1972 hat auch der erste Bundespräsident der Bundesrepublik Deutschland, Theodor Heuss, Laboe besucht. Dieses Amt hatte er von 1949 bis 1959 inne. Den genauen Grund für seinen Besuch weiß man nicht, man kann aber vermuten, dass er auch den Seenotkreuzer der DGzRS „Theodor Heuss“ einen Besuch abgestattet hat. Dieser Seenotkreuzer war von 1963 bis 1985 in Laboe stationiert. Nachtrag 17.04.2023: Der Besuch von Theodor Heuss war nicht 1972 sondern bereits am 20.6.1954 in Laboe. Theodor Heuss ist am 12. Dezember 1963 im Alter von 79 Jahren verstorben. Die Jahreszahl 1972 ist auf den verschiednen Fotos von ihm im Rathaus-Archives angegeben, das werden wir entsprechend berichtigen.

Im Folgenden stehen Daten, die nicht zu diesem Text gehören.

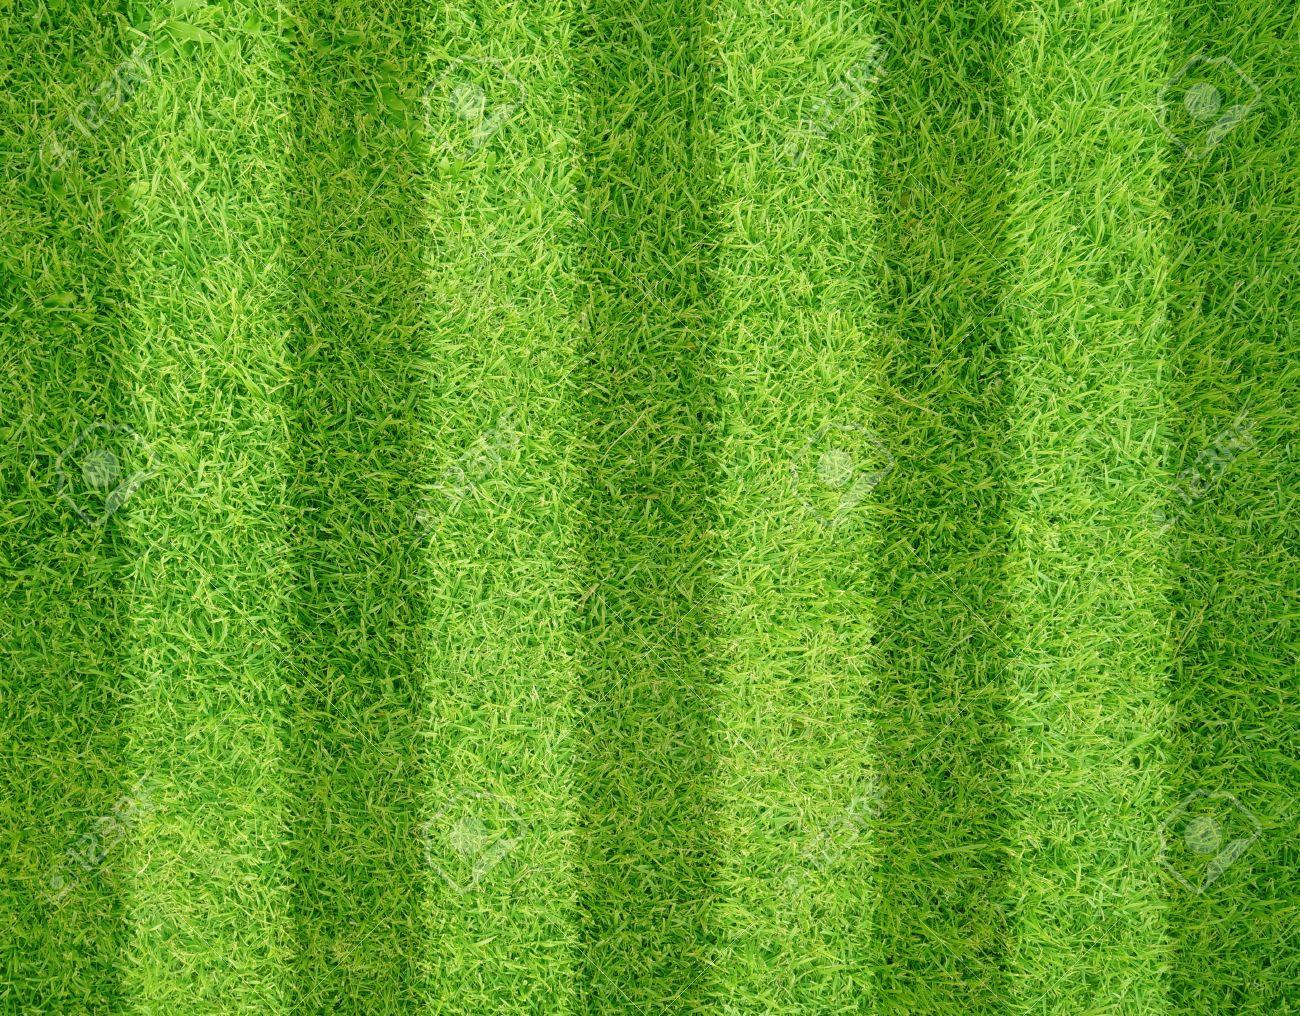 green grass football field picsart background green grass of football soccer field background stock photo 29137373 green grass of soccer field background

1972 wurde dann nach einem gescheiterten Versuch im zweiten Anlauf auch das U-Boot U 995 an den Strand von Laboe gestellt nachdem die Baggerrinne noch einmal verbreitet worden war.


Aber nicht nur das. 1972 war auch der Neubau der Anker-Gottes-Kirche fertig gestellt worden. Am Palmsonntag übergab Bischof Dr. F. Hübner vor rund 400 Besuchern den Kirchenschlüssel an Pastor Hoppe. Auch der neue Kindergarten am Katzbek wurde 1972 eingeweiht, heute ist dort das Lachmöwen-Theater zu Hause. Und auch der Kurpark wurde nach einem Umbau 1972 wieder feierlich eröffnet. Der TVL veranstaltete ein großes Sportfest 1972 auf dem Stoschplatz, gerade gestern habe ich noch mit Jenner Arp vor dem Rathaus gesprochen, heute kann ich dann gleich noch ein Bild von ihm zeigen wie er 1972 ausgesehen hat.


Das alles ist in nur 2 Jahren in Laboe geschehen und deshalb noch einmal meine Frage die mir schon eingangs durch den Kopf gegangen ist. Und was ist heute? Was ist in den letzten Jahren in Laboe passiert außer teure Gutachten zu erstellen die dann in irgendwelchen Schubladen verschwinden ohne das sich etwas ändert? Ich denke mal, jeder Einwohner und Besucher kennt die Antwort, man braucht sich beim Spaziergang durch Laboe nur einmal umzuschauen wie heruntergewirtschaftet Laboe in den letzten Jahren wurde. Hoffen wir, dass die Kommunalwahl im Mai endlich einmal etwas daran ändert und nicht nur frischer Wind, sondern endlich mal ein Orkan durch die Gemeindevertretung fegt.


Aber zurück zu den Bildern. Damit das Nostalgie-Feeling perfekt ist gibt es dann aber noch ein paar Fotos aus späteren Jahren. 1973 war das Erholungszentrum dann fertig, es gibt sogar noch einen Flyer davon, leider nur in schlechter Qualität. Dort wo heute die Bäckerei Günther ist, waren damals die Räume der Westbank. Und 1973, dort wo dann 1991 Kloppenburg und heute Rossmann ist, befand sich ein schöner großer Laden von Coop.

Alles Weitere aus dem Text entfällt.